Comment 1: Numerous recent review papers, such as J. Mol. Sci. 20(5):1033 (2019), Anticancer Agents Med Chem. 20(6):667-677 (2020), and…., have raised several important issues regarding the challenges of curcumin as a promising anticancer drug including against BCa. How the present manuscript provides novel and significantly positive inputs compared to these published article? Please highlight in the manuscript.

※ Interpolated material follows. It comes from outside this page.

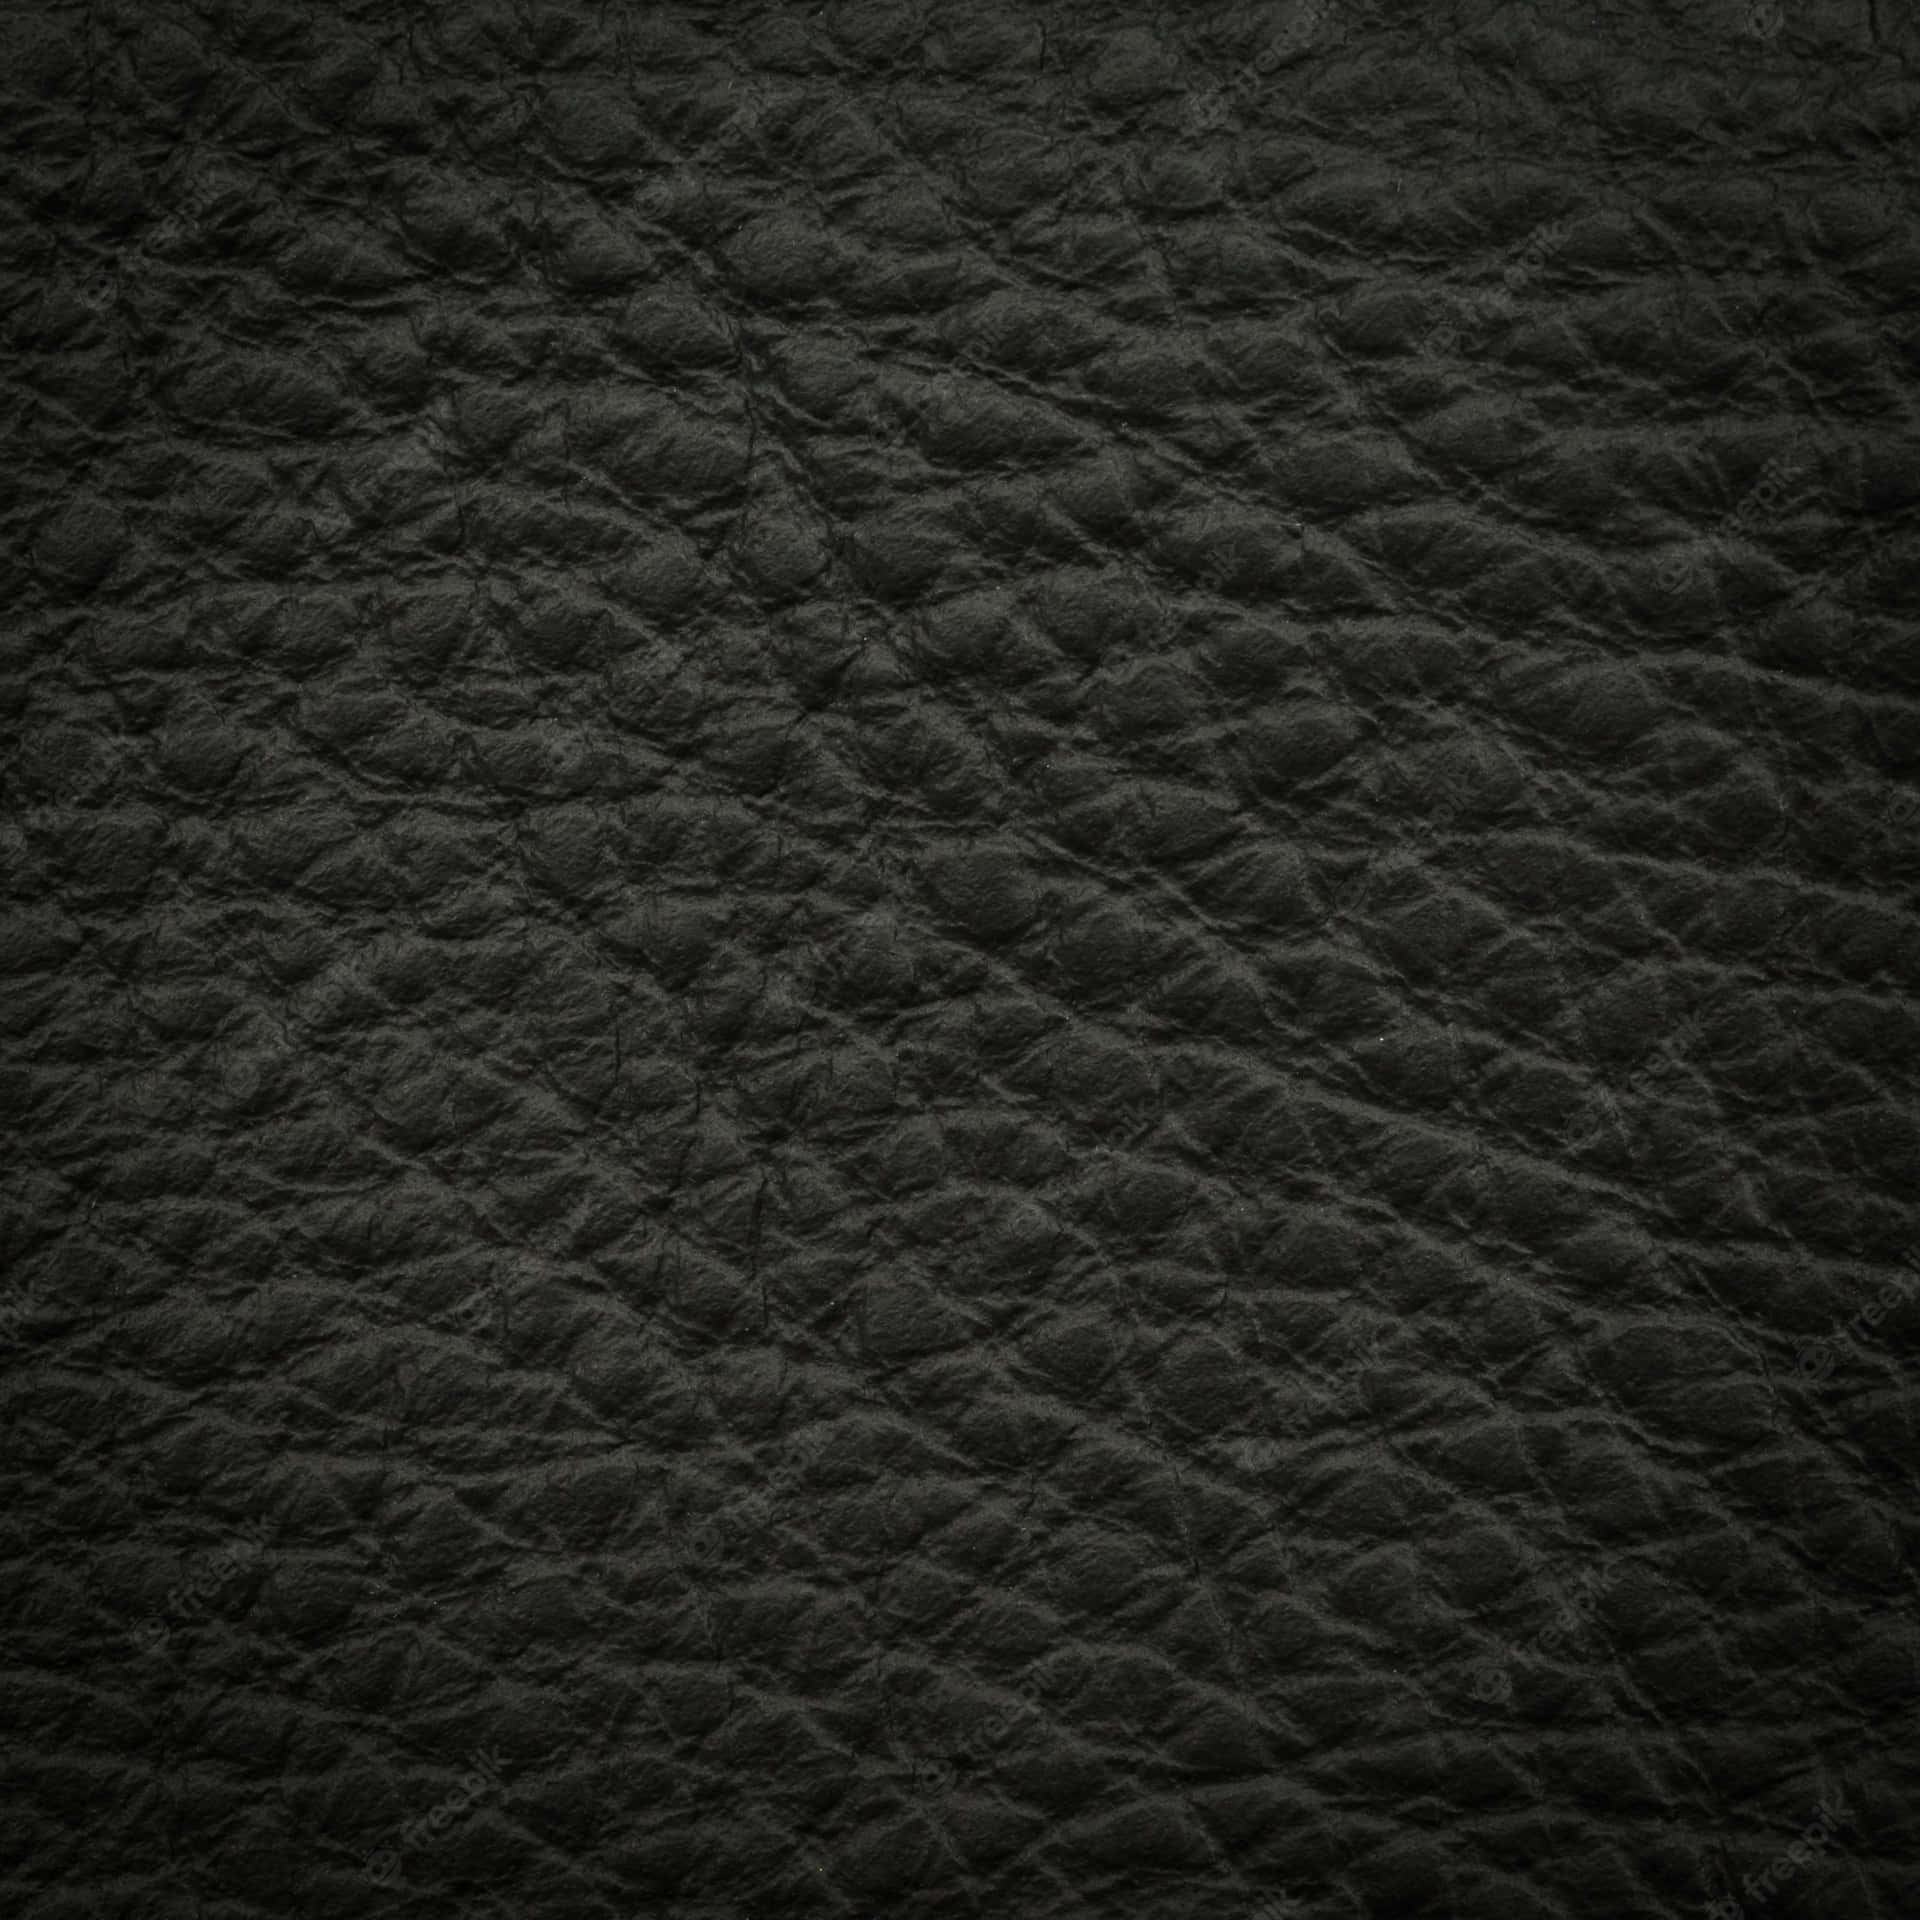 Polished black leather exudes luxury and sophistication. Wallpaper

Our answer: Indeed, several papers are available dealing with curcumin as an anti-cancer agent. However, none of these articles focus on bladder cancer (excepting one paper, see below). Int. J. Mol. Sci. 20(5):1033 (2019) concentrates on structure activity relationships, delivery systems and effects on several cancer types (but not bladder cancer). When we started writing the review article, the Anticancer Agents Med. Chem. paper had not yet been published. Nevertheless, the anti-cancer effects of curcumin are only superficially dealt with in this paper and no information is provided with respect to tumor cell metastasis (integrin expression), chemoresistance (cisplatin, gemcitabine), immunotherapy (now included in the present article), curcumin analogues (now included in the present article), dual effects of curcumin (now included in the present article) and adverse effects (now included in the present article). We, therefore, believe that our manuscript provides a detailed overview of curcumin’s role in bladder cancer treatment, not given before.

Comment 2: Several derivatives and analogues of curcumin have been identified, developed, and well How these compounds impact on BCa compared to original curcumin?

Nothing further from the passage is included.